What one has to understand about the movie itself is that it is as complicated as the storyline. It starts out with two different time lines, decades apart and slowly one reaches the other. That in itself can be difficult to follow, but it is well worth the effort to pay attention because if you can leave the theatre understanding what took place, you walk away with a little more knowledge about the human complex.
Because this is a story more about the soul and our humanity than it is about spies and country. Those are just the means by which De Niro uses.
Every actor is placed remarkably well and no more so than Matt Damon himself. It is his acting that gives us Edward Wilson; a man without airs who doesn't compromise. The movie spans over twenty years and fortunately we see those years reflected in most of the characters. Angelina Jolie does the neglected, alcoholic wife superbly. William Hurt and Lee Pace as Richard Hayes both give a wonderful performance taking their character's flaws from subtle to substantial by the end.

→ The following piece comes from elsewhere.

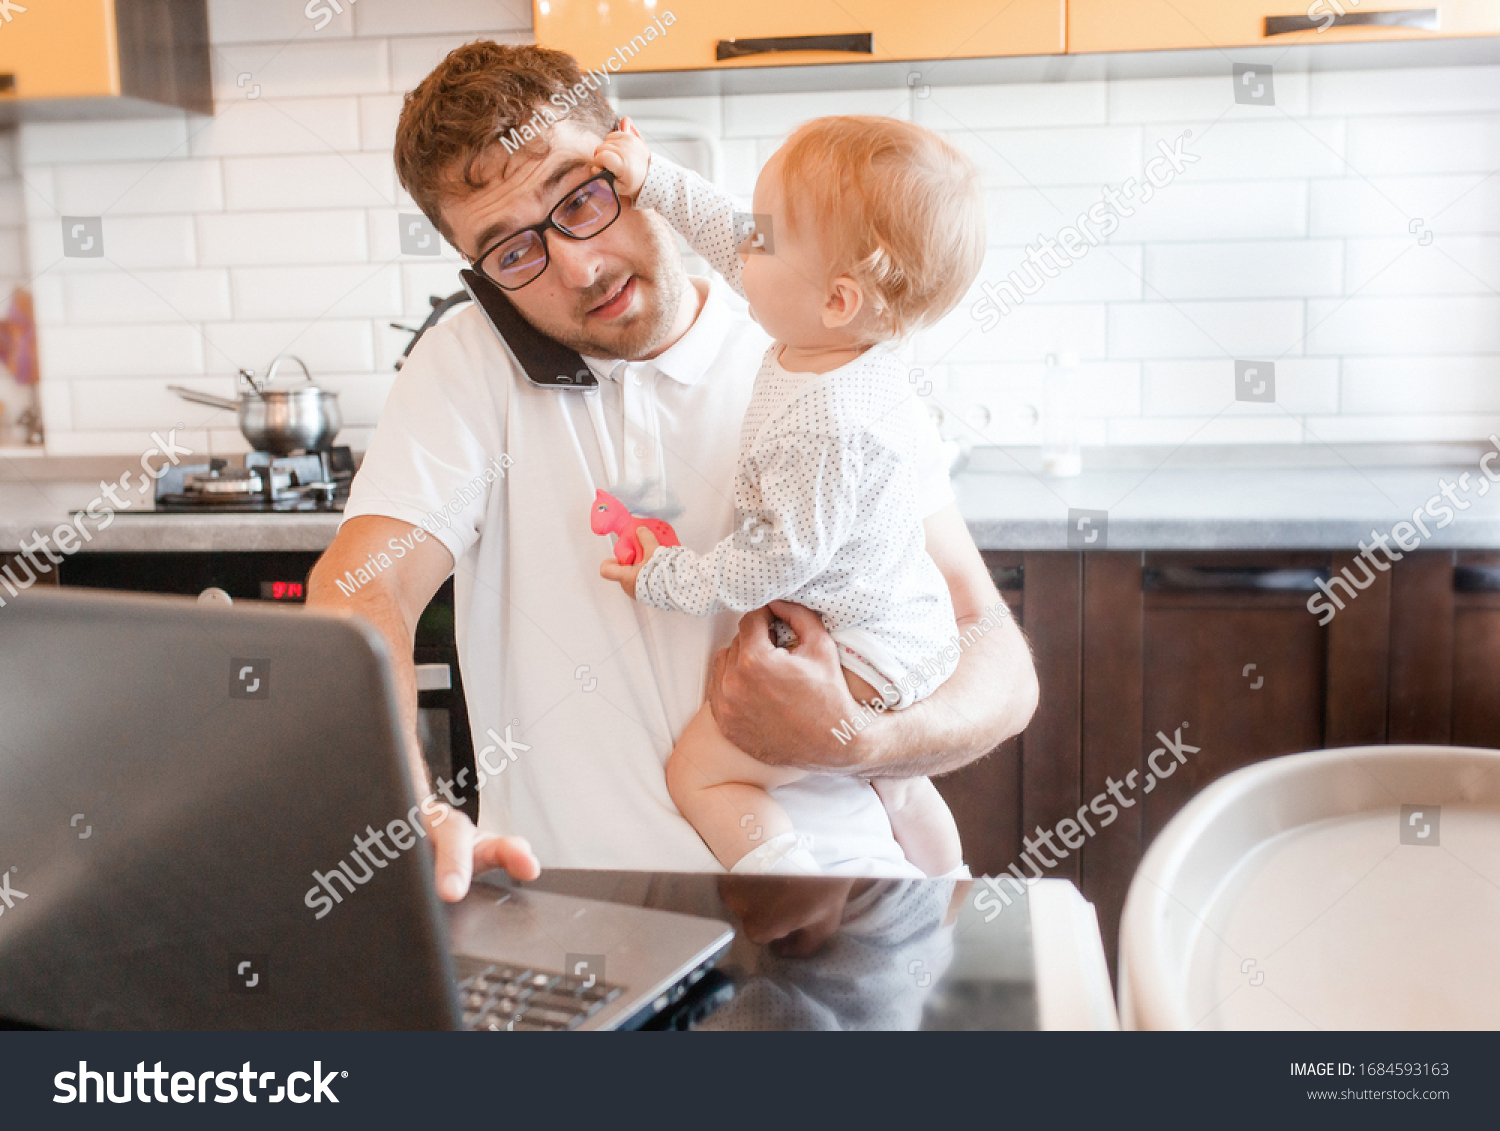 Handsome young man working at home with a laptop with a baby on his hands. Stay home concept. Home office with kids.  #1684593163

Some might wonder how so many actors could be recruited for such small roles, like Alec Baldwin, Michael Gambon, and Joe Pesci, but one only has to see as far as the director to get their answer. Don't let the big names and the anagram CIA get you. This movie is as edgy as it is intricate with twists and turns that take the viewer through the world of trust and the human element. A man like Edward Wilson is just the perfect vessel for the journey.